AnnaLee Saxenian souligne que la concentration d’entreprises de haute technologie sur le petit territoire de la Silicon Valley implique une organisation des réseaux sociaux spécifiques, facteurs de réussite économique. Les relations interpersonnelles, souvent liées dès l’université, sont entretenues dans la sphère professionnelle et dans la sphère privée par la fréquentation des mêmes lieux de socialisation (café, restaurants, clubs, organisation philanthropique (Abeles, 2002)). Lors de ces rencontres, de nombreuses informations professionnelles sont échangées, diffusant les innovations de tel ou tel partenaire ou concurrent. Ces liens « amicaux » sont plus efficaces dans les échanges d’informations que les canaux professionnels traditionnels, comme les revues ou les colloques. Par ailleurs, la concentration d’entreprises sur un petit secteur simplifie et favorise la mobilité professionnelle : changer d’emploi et d’entreprise n’implique pas de modification de la vie quotidienne puisqu’il reste situé dans le même secteur. Les hiérarchies professionnelles sont plus faibles car elles sont sans cesse remises en cause par cette mobilité professionnelle : le chef d’hier devient le client d’aujourd’hui, et le sous-traitant de demain (Saxenian, 1994).

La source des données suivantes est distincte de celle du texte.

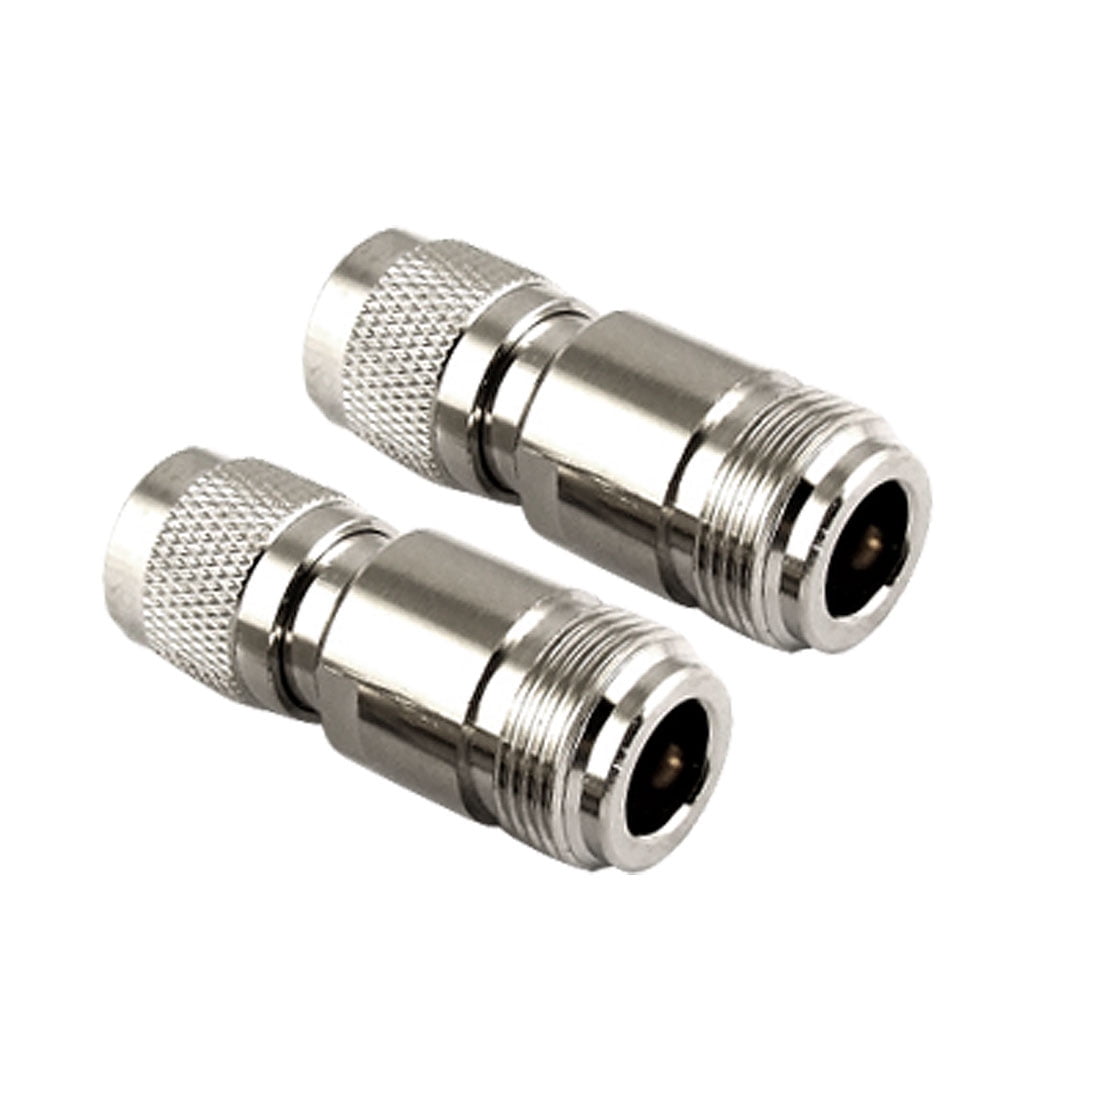 10pcs TNC Male Plug to BNC Female Jack RF Coaxial Adapter Connector for sale online

Au-delà de simple « système productif local » ou « cluster », la concentration territoriale d’entreprises culturelles produit une ambiance propice à l’innovation (Voyé, 2001). Si ces théories remettent en cause des prédictions de l’a-territorialisation de l’activité, elles s’inscrivent en revanche pleinement en continuité des travaux de sociologie urbaine sur la modernité métropolitaine et les mentalités et modes de vie citadins. Que la grande ville permette l’émancipation et les modes de vie non traditionnels n’est pas une nouveauté. Weber, Wirth et surtout Simmel avaient déjà développé cette idée au début du XXème siècle. Que cette émancipation et l’anticonformisme deviennent les ferments de l’innovation technologique et du développement économique, cela constitue une rupture par rapport au capitalisme bourgeois traditionnel. Cette thèse est soutenue par de nombreux auteurs (Landry, Bianchini, 1995; Verwijnen, Lehtovuori, 1999; Florida, 2002b; Lloyd, 2002; Florida, 2003) ; son interprétation par les acteurs urbains tend à généraliser l’usage de la production d’ambiances urbaines créatives comme outil de développement urbain (Voyé, 2001; Germain, 2004; Peck, 2005; Shearmur, 2005). Dans ce cadre, la promotion des cultures off parait être une dimension possible de telles stratégies.